Goldman Sachs BDC (GSBD) Merger Update: June 2020

The following information is from the GSBD Projections Update that was previously provided to subscribers of Premium BDC Reports along with target prices, dividend coverage and risk profile rankings, earnings/dividend projections, quality of management, fee agreements, and my personal positions for all Business Development Companies (“BDCs”).


Quick Update:

As mentioned in “8% To 10% Balanced Portfolio Yield Investing In America: Part 2” on Seeking Alpha, I will be using this blog for additional public updates on individual BDCs.

 


GSBD Merger With MMLC Update

On June 11, 2020, GSBD and MMLC announced that they had amended and restated the Original Merger Agreement (the “Amended Merger Agreement”).

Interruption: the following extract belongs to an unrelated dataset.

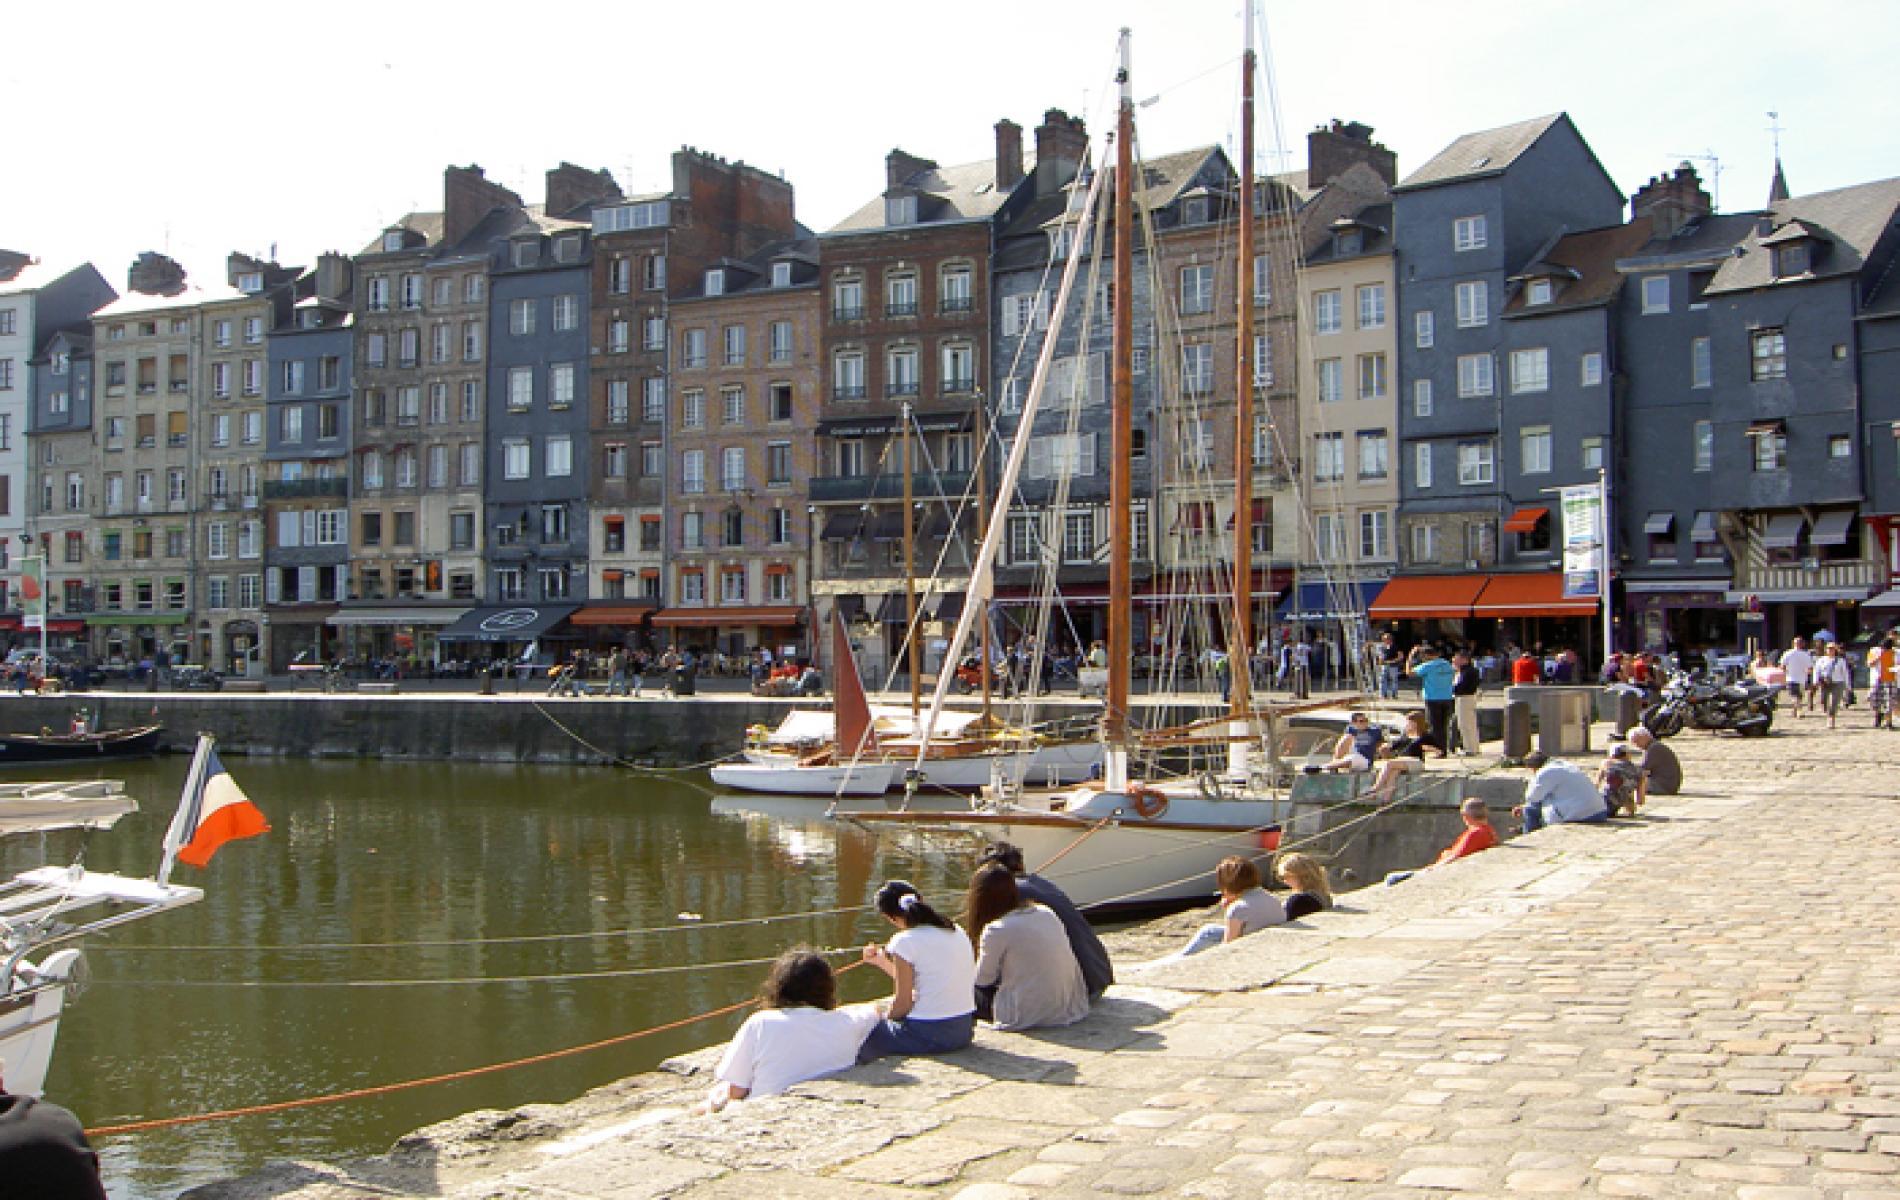 Appart Hotel à 20 min de Deauville

The Amended Merger Agreement has been unanimously approved by the Boards of Directors of both companies. GSBD and MMLC previously announced that they had entered into an Agreement and Plan of Merger dated as of December 9, 2019 (the “Original Merger Agreement”).

Why are the terms of the Merger being amended?

In order to comply with provisions of the Investment Company Act of 1940 which require that a merger of affiliated business development companies not result in dilution to either party, the Original Merger Agreement contained a closing condition whose satisfaction was dependent on the trading price of GSBD’s common stock. Heightened volatility in the current market precipitated by the COVID-19 pandemic has created uncertainty as to whether this condition can be met. The Amended Merger Agreement eliminates this closing condition while still ensuring that the transaction would not result in dilution to either party.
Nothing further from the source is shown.